Tuesday, November 17, 2015

Serial Week: The Batman



Hello all and a fine greetings to Day 1 of Serial Week. To start off this concept, we go to Columbia Pictures were they have reeled in a couple of characters that hail from the DC comics universe. A couple of caped crusaders hell bent on keeping the streets clean of crime. Yes I am talking of Batman and Robin. In 1943, 5 years after the release of the comic book series Detective Comics, these characters were believed to be hot property and an immediate calling for a serial was on the way. This is The Batman.

Commissioner Gordon? Do you have Prince Albert in a can?















Based on the Bob Kane creation, Batman operated a little differently than he did in the comics. At the height of World War II, some alterations were made as Batman operated as a secrete government agent rather than the vigilante as he was. This was mostly due to the censors not wanting the hero to be seen taking the law into his own hands. Yet they have no problem of a young boy in tights running head long into danger. Film censors are screwy.
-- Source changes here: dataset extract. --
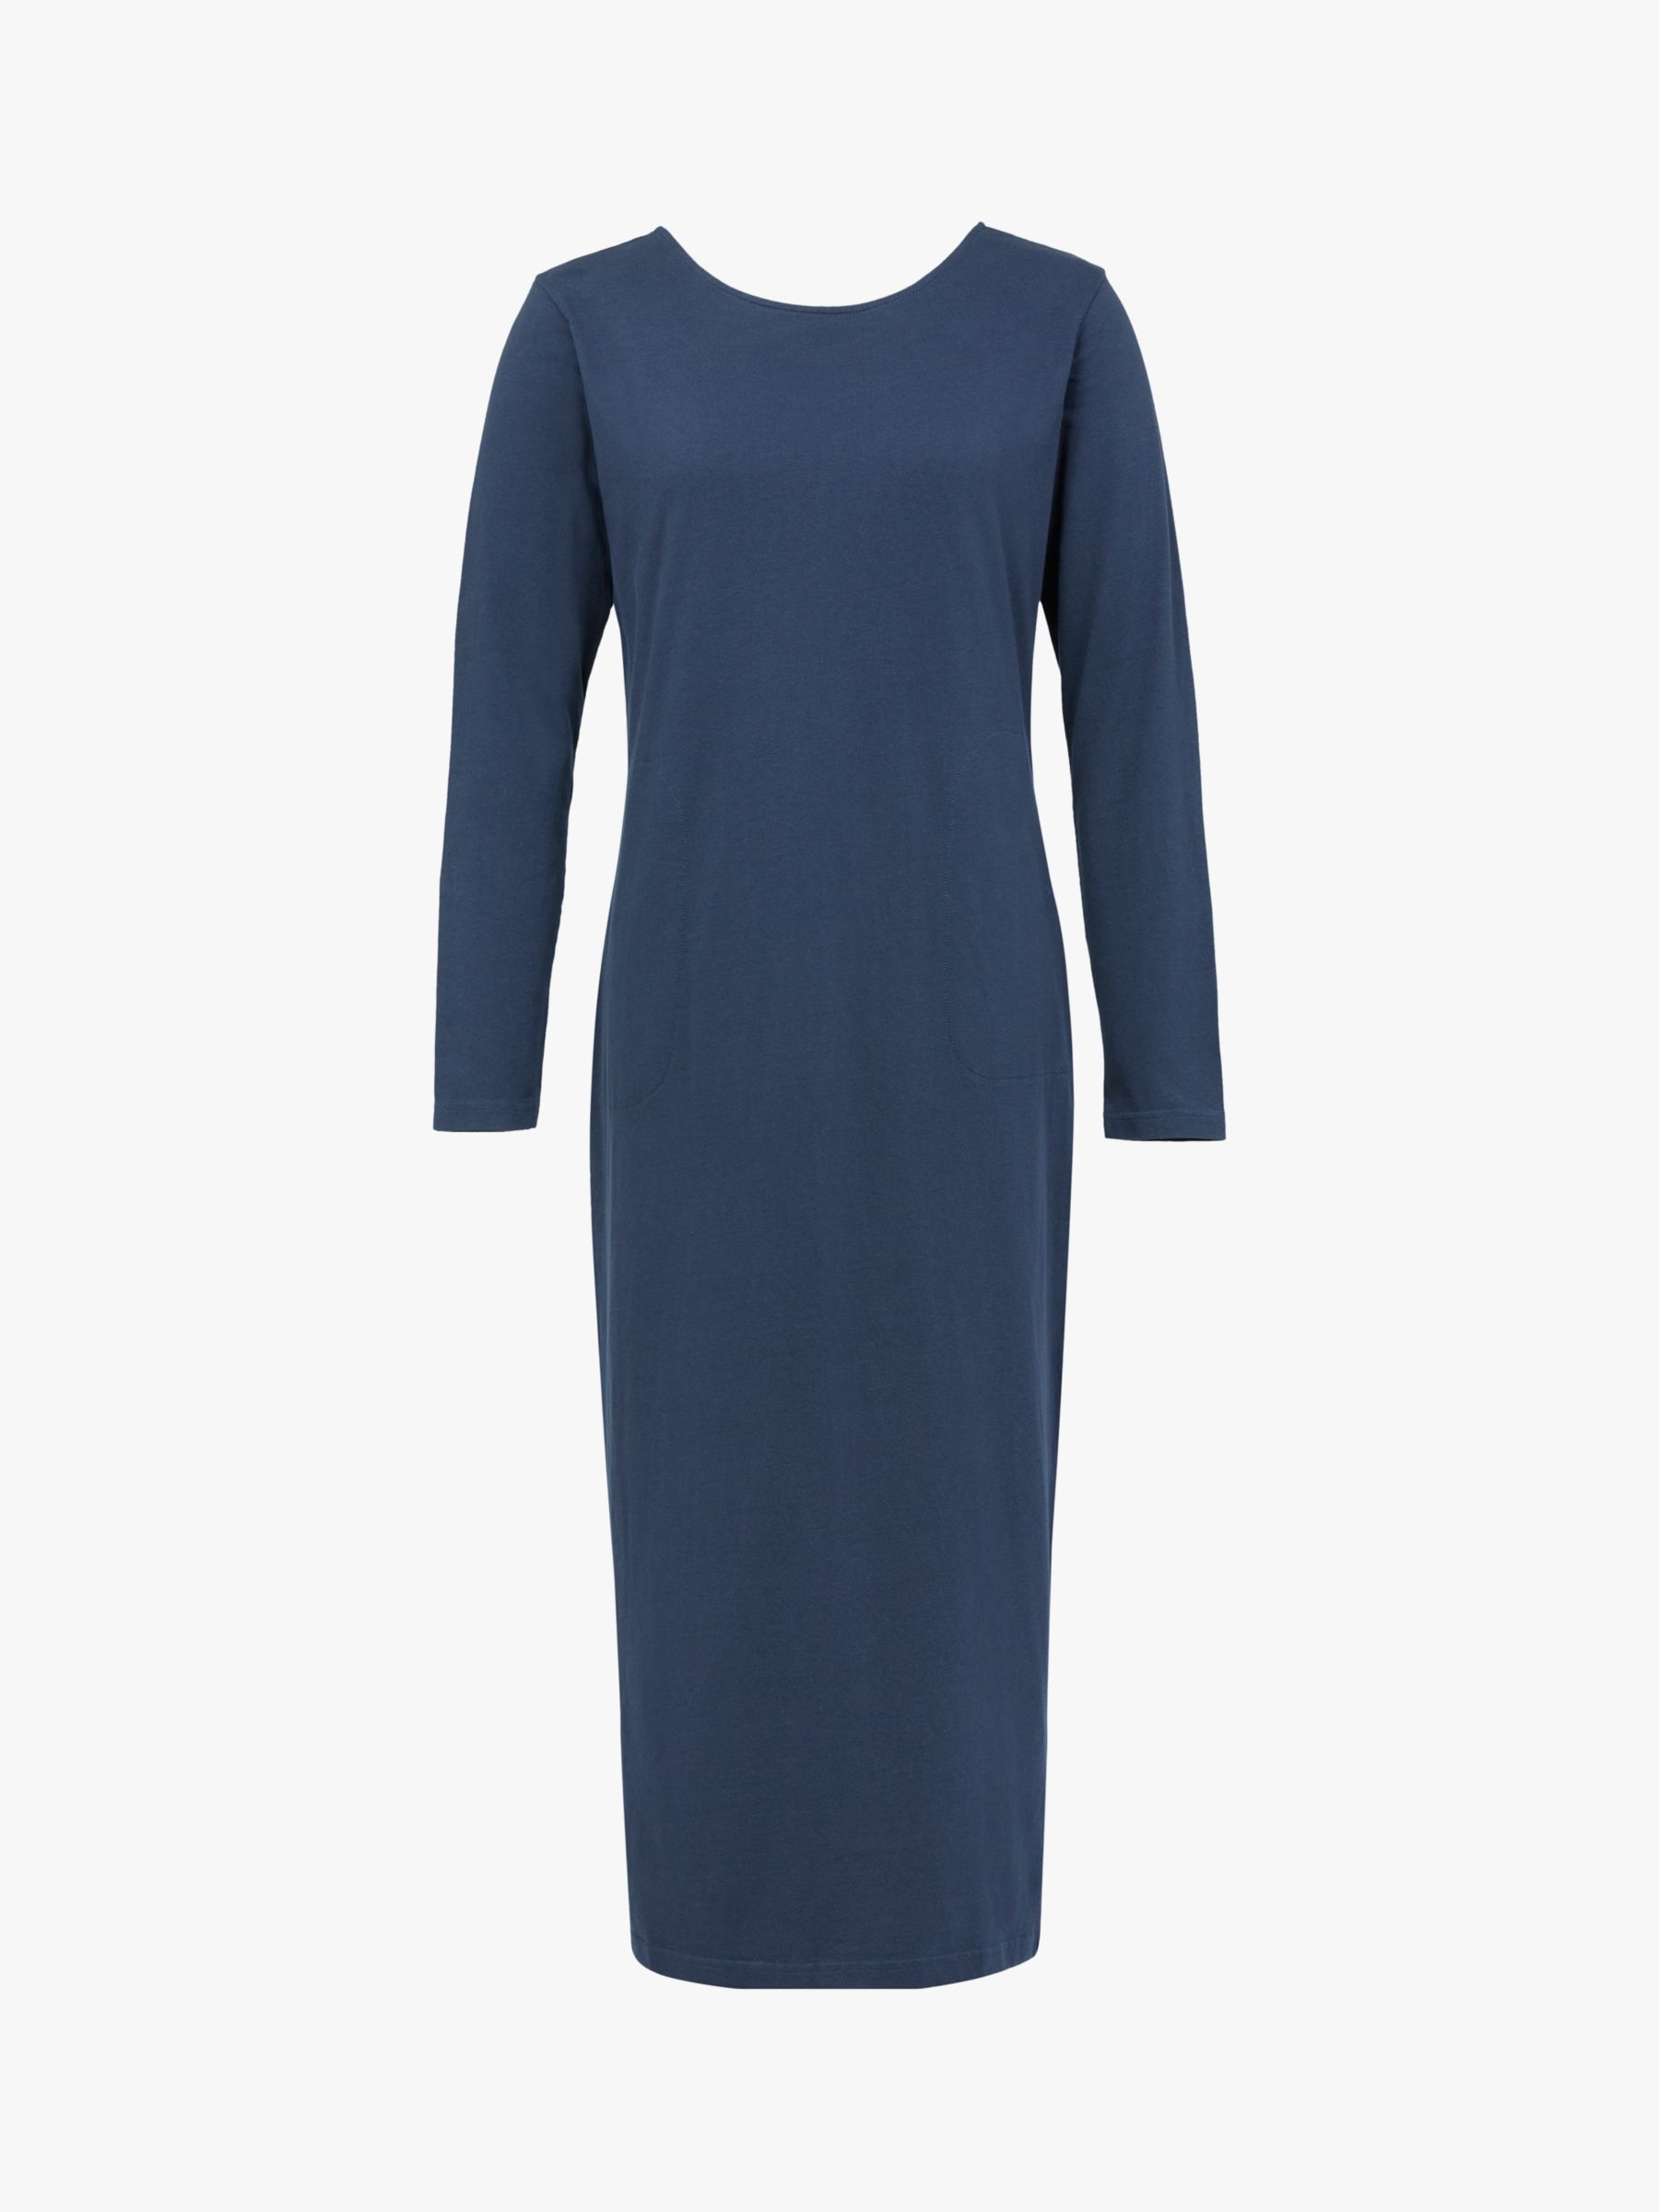 Celtic & Co. Scoop Back Midi Dress, Dark Navy at John Lewis & Partners

Like most material of the time in American fiction it is very anti-German and heavily anti-Japanese as our villain of this piece Dr. Daka (J. Carrol Naish of Sahara, Annie Get Your Gun, Rio Grande and The New Adventures of Charlie Chan) a brilliant scientist and agent for Emperor Hirohito (or Emperor Akihito) has developed a device capable of taking over the minds of men and women leaving them in a zombie (a mindless automon controlled by a powerful drug, not the Romero flesh eaters) state of mind to do Daka's bidding.
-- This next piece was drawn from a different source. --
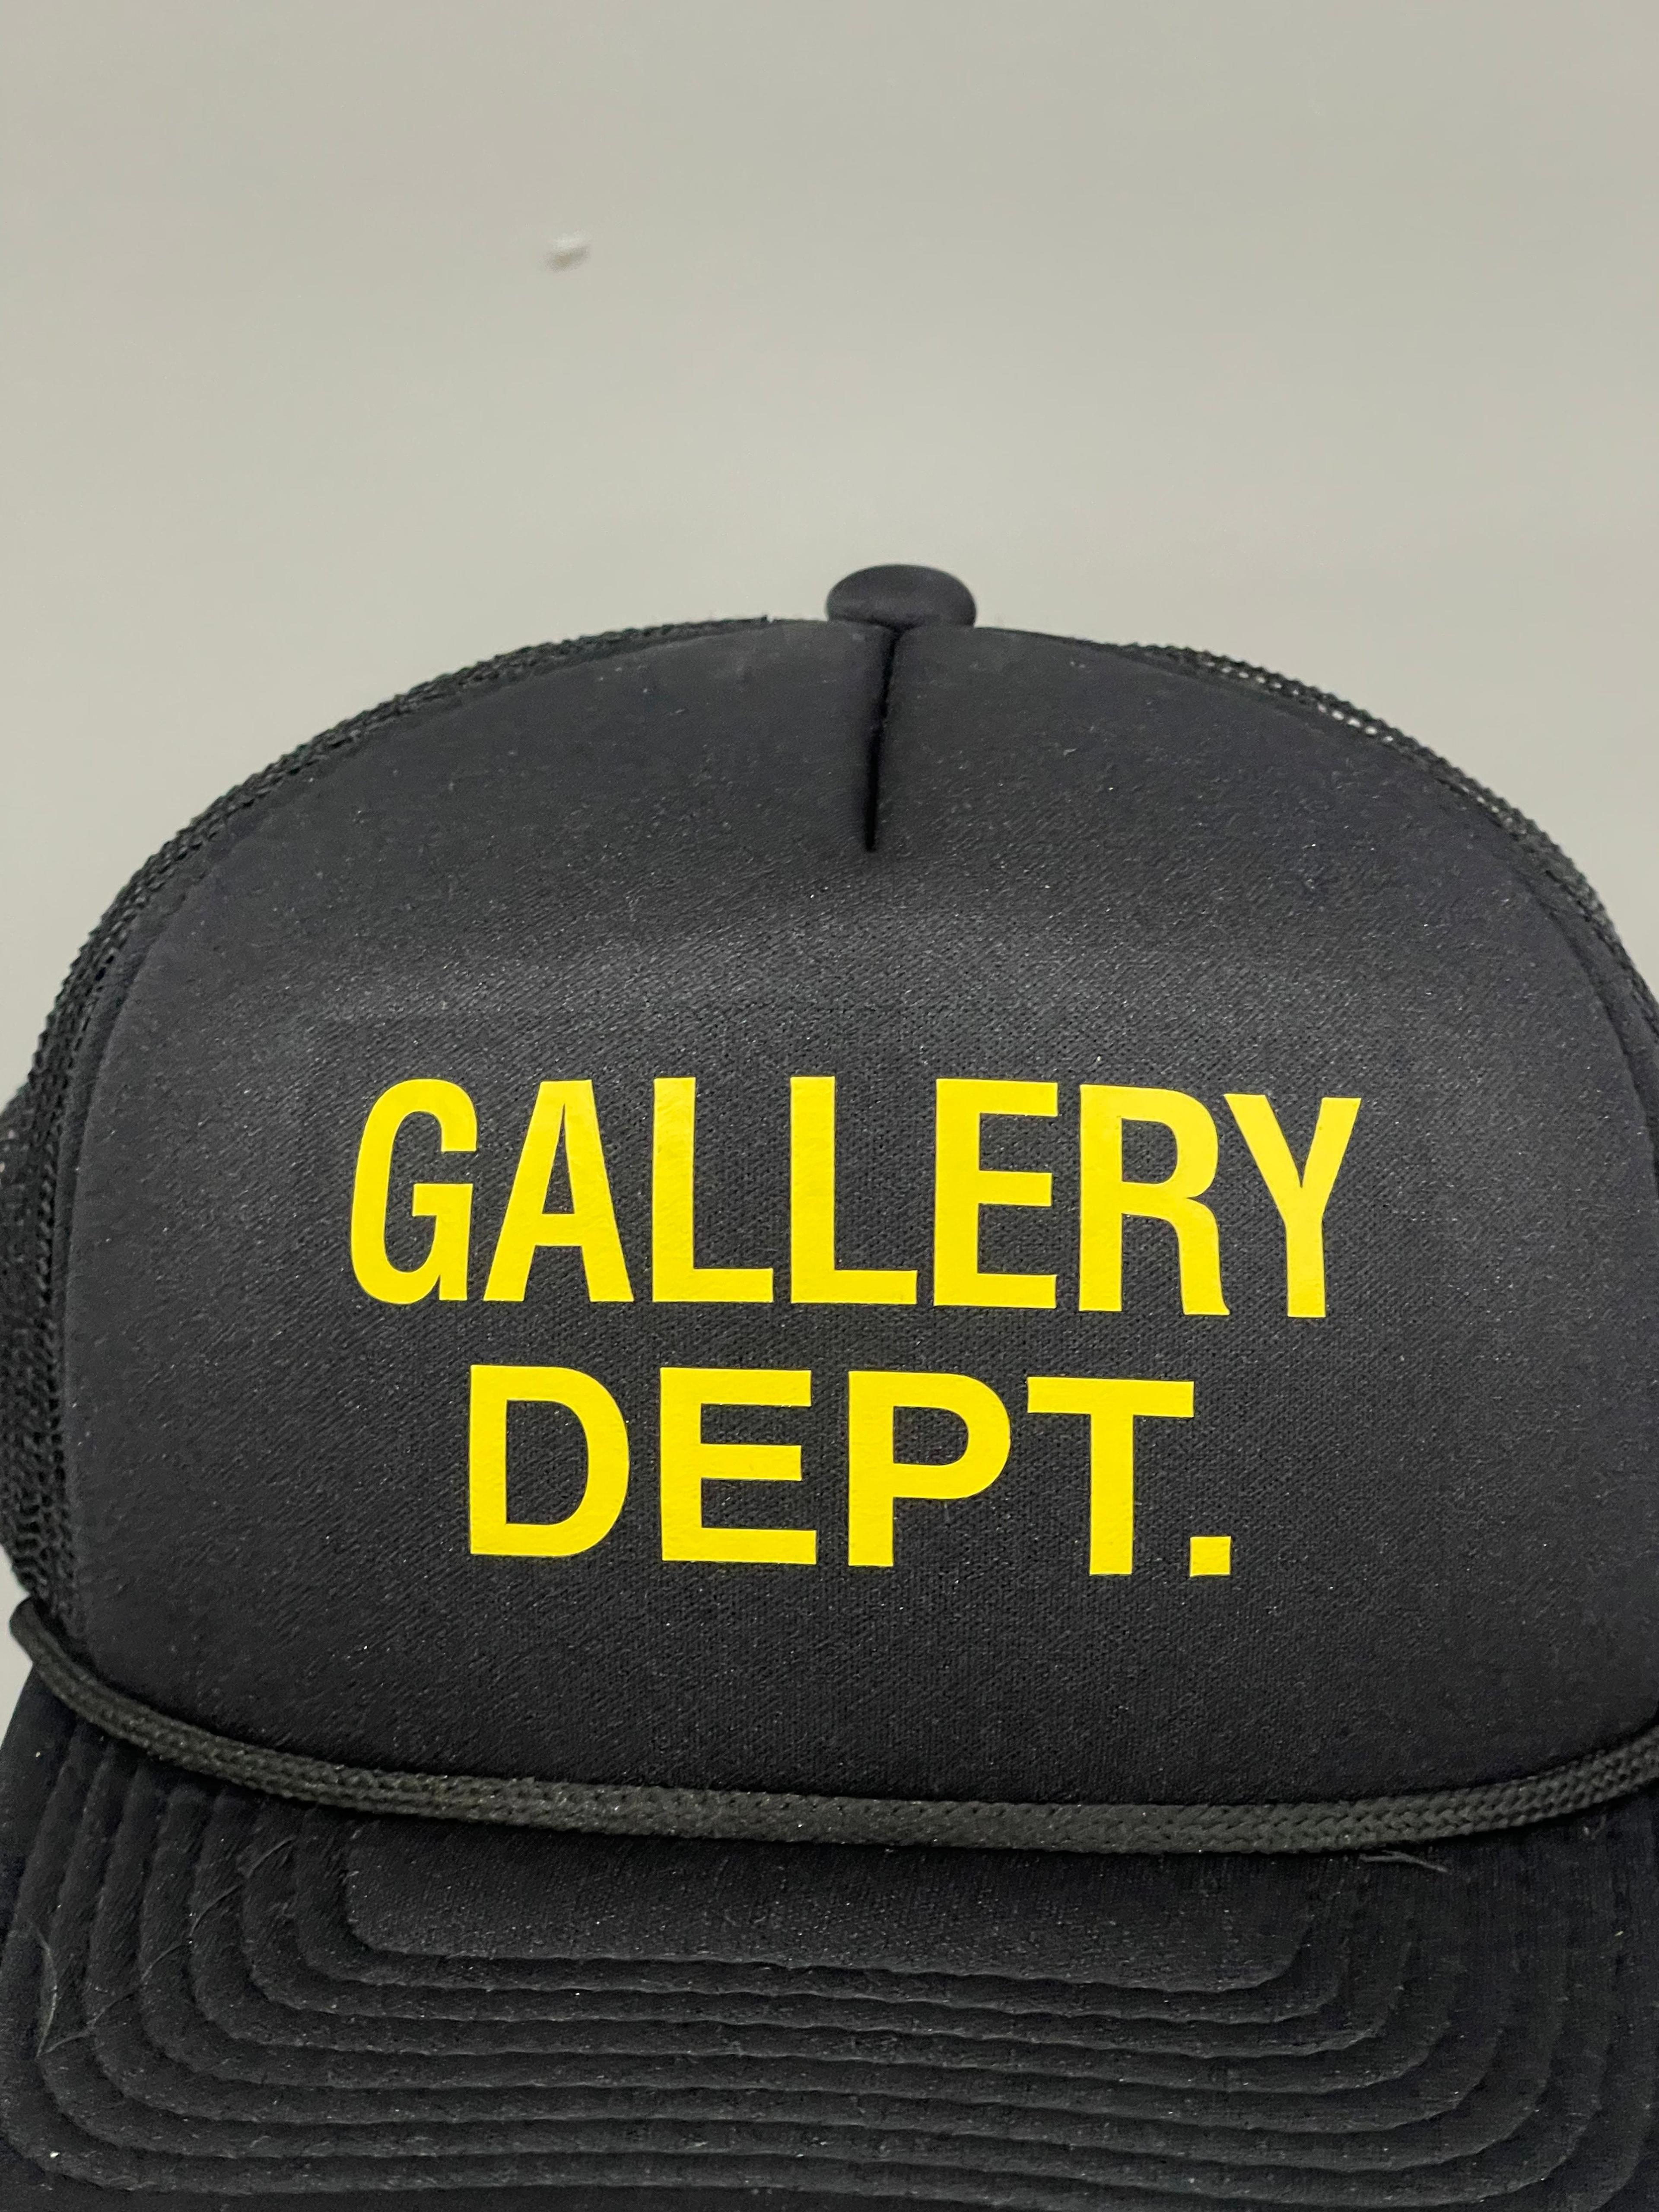 Alternate View 2 of Gallery Dept. Logo Trucker Hat Black

Charlie Chan: Master Criminal.















Batman (Lewis Wilson of The Batman, There's Something About a Soldier, Once Upon a Time, Wild Women of Wongo and Craig Kennedy, Criminologist) along side his faithful sidekick Robin (Douglas Croft of The Pride of the Yankees, Kings Row, Yankee Doodle Dandy, The Batman and River Gang) work tirelessly to thwart this threat and the growing crime rate as most of Gotham's menfolk are over seas... yet that lay about, good for nothing Bruce Wayne gets to stay home. Why, I'd give him some chin music I tells ya. Devoted manservant Alfred (William Austin of It, The Gay Divorcee, The Private Life of Henry VIII and Alice in Wonderland) keeps our heroes' secret and even fends off Bruce's lady friend Linda (Shirley Patterson of The Batman, World Without End, The Land Unknown, It! The Terror from Beyond Space and Frontier Doctor) so the boys can go biffing bad guys in their tights.





There were of course some complications with the character in the scope of a budget. An established shot of the manor on Hill Road in L.A. Most of the film location was around Iverson Ranch in Chatsworth... surprisingly enough there were no 8 foot high fences like several homes in Chatsworth now for more risque filming these days.   Several of the Bat Cave shots are found in my favorite place of Western and Sci-fi but Bronson Canyon in Griffith Park.  

These are also the days when actors did their own stunts for the serials and brother there are plenty of break away chairs and tables hurled at people and out windows. No budget for both a car and a Bat-mobile, a black Cadillac served as both and Alfred was chauffeuring them in both their duel identities. Hope Alfred smeared mud on the license plates. 





Dick, go play your PS4 and stop fidgeting.  Criminy.